Sosok Chareen bukanlah sosok yang harus mereka saingi, justru sebelum mereka maju pun mereka sudah memilih untuk mundur dengan suka cita dari pada harus maju dengan rasa malu yang amat sangat itu.
"Selamat datang kembali tuan Alegra..." Sapa mereka dengan tersenyum semanis mungkin, Alegra sendiri hanya mengangguk tanpa mengucapkan sepatah kata lagi.

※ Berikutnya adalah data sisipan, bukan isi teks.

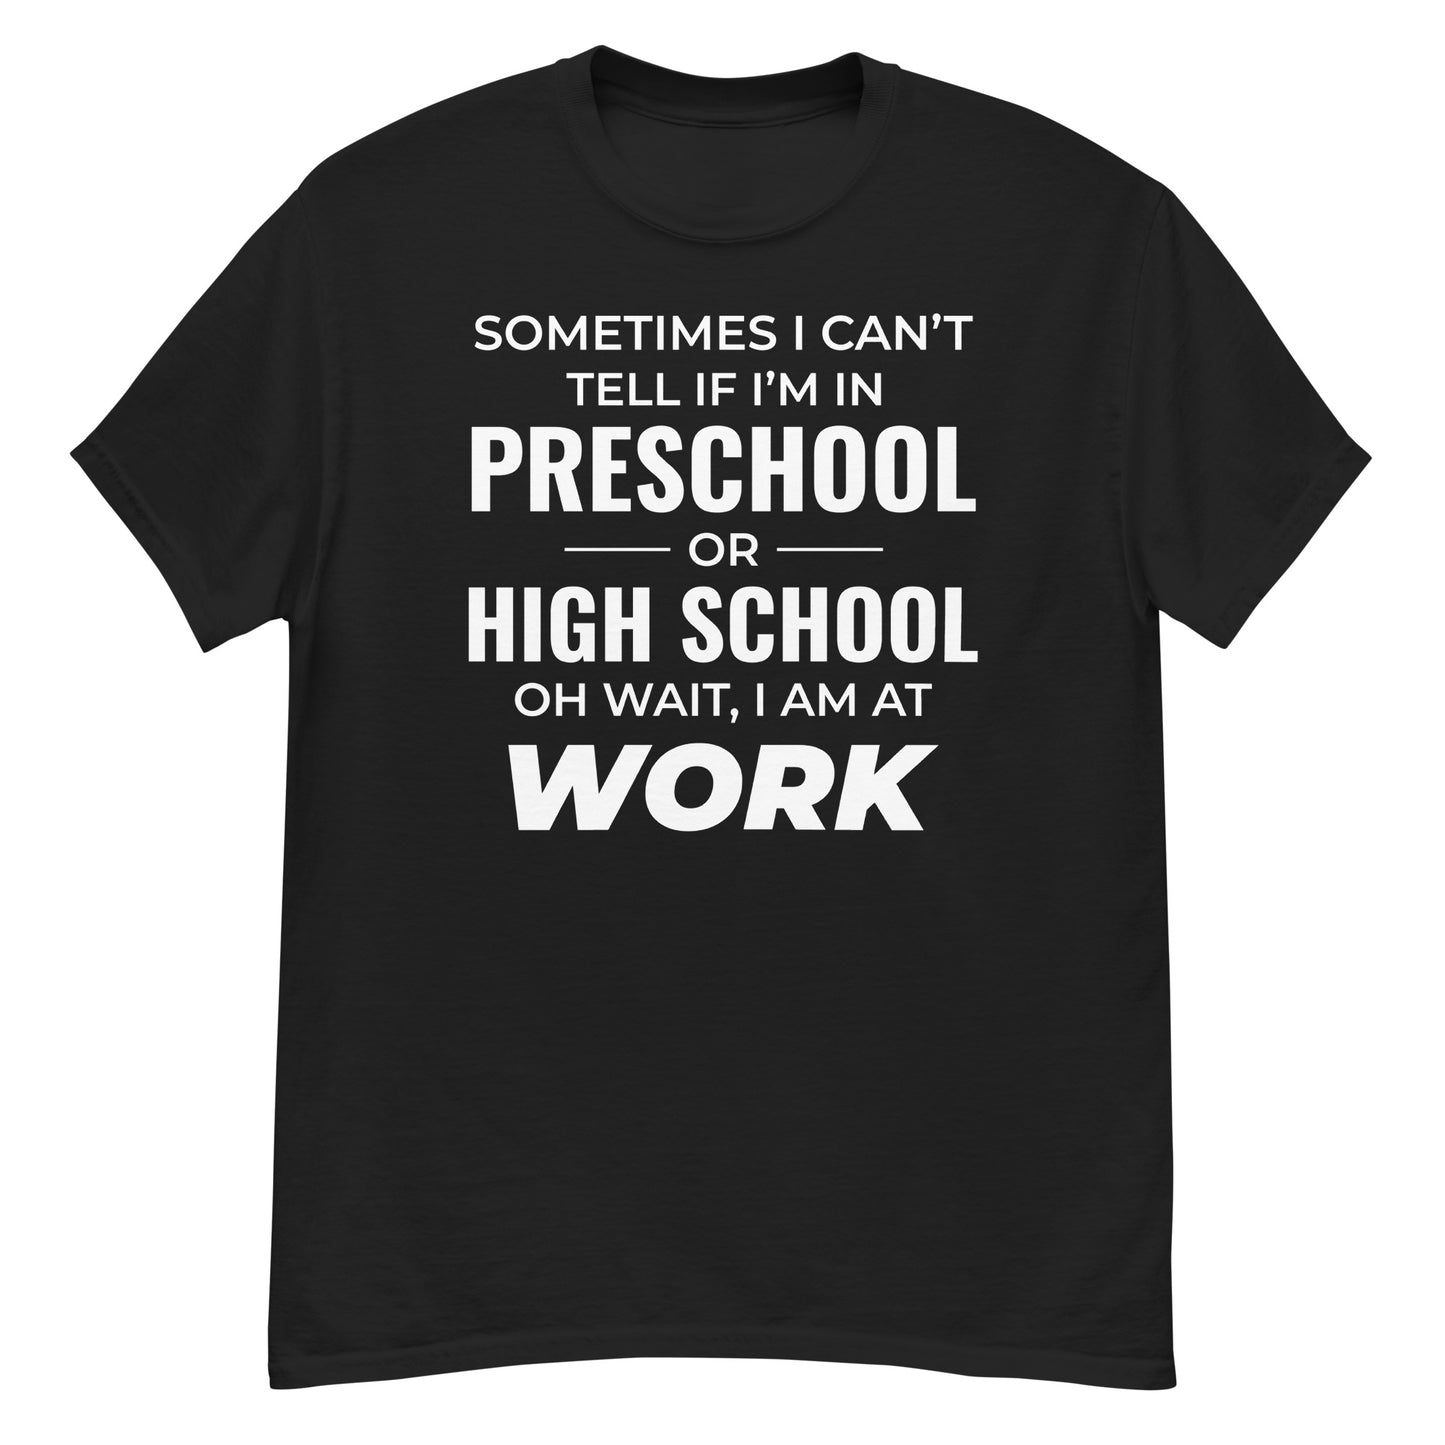 Funny work office shirt
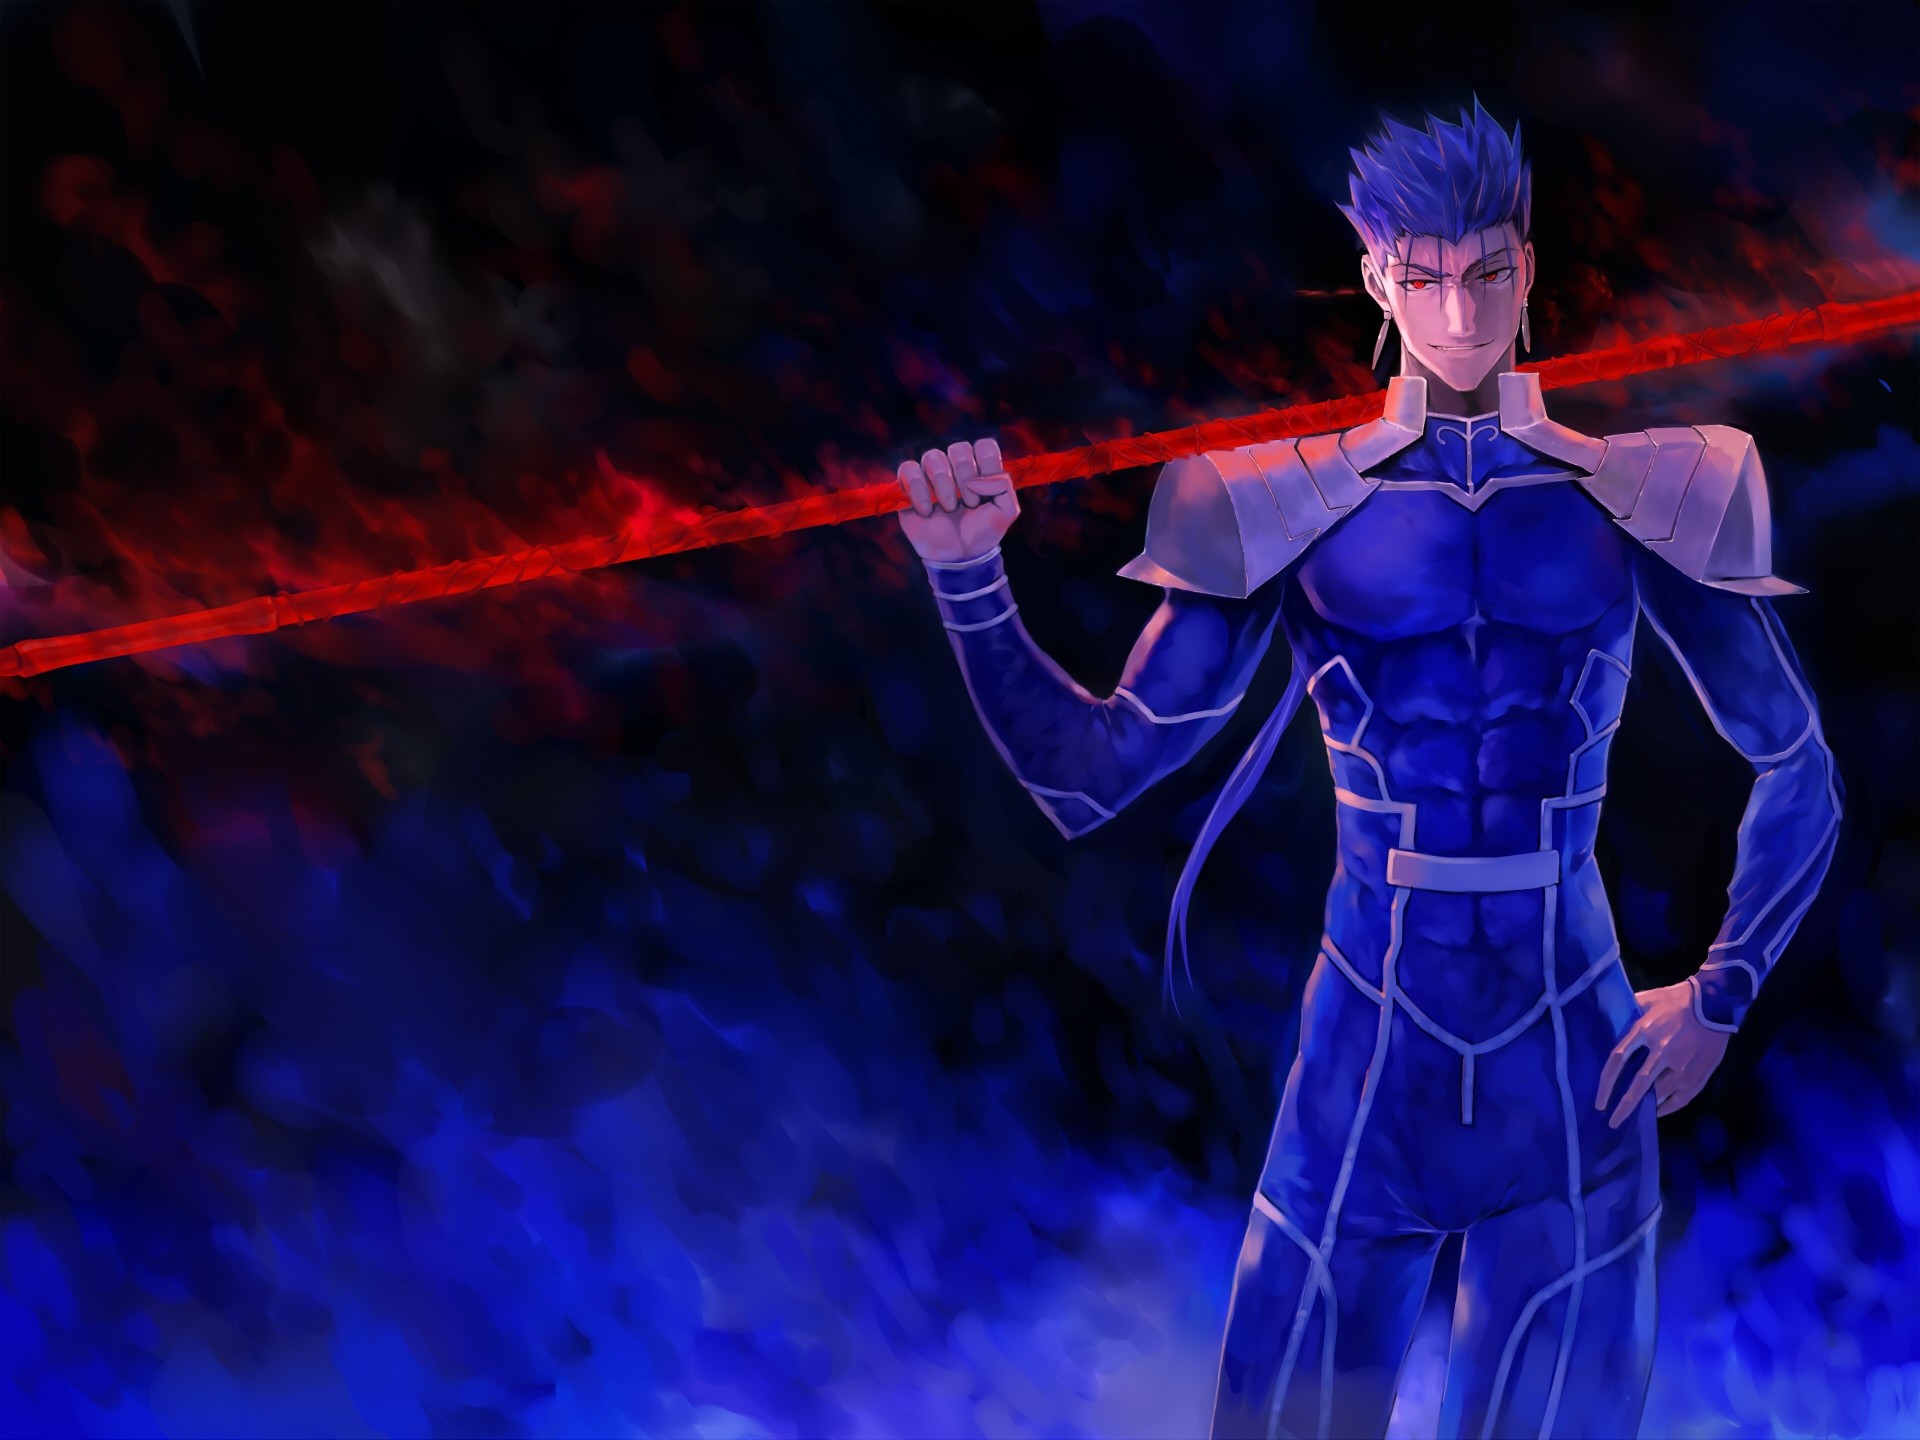 Fate / stay night, Fate / stay night Unlimited Blade Works, Fate /

Di belakangnya ada Raini yang hanya diam karena sudah terbiasa dengan sikap Alegra yang aneh itu.
"Apa ada rapat yang harus saya hadiri sore nanti?" Tanya Alegra dengan sikap profesional nya.
"Ada tuan, pertemuan tersebut di langsungkan di salah satu restoran Jepang yang ada di taman kota." Balas Raini yang langsung melihat jadwal Alegra hari ini.
"Oke." Angguk nya.
Raini sendiri langsung kembali ke tempat duduknya, dia mulai bernafas lega karena akhirnya tugas Alegra kembali hal itu karena meringankan beban Raini yang bertugas sebagai sekertaris Alegra.
"..." Terlihat sosok Arjun yang datang dengan santai nya dan langsung duduk di salah satu sofa.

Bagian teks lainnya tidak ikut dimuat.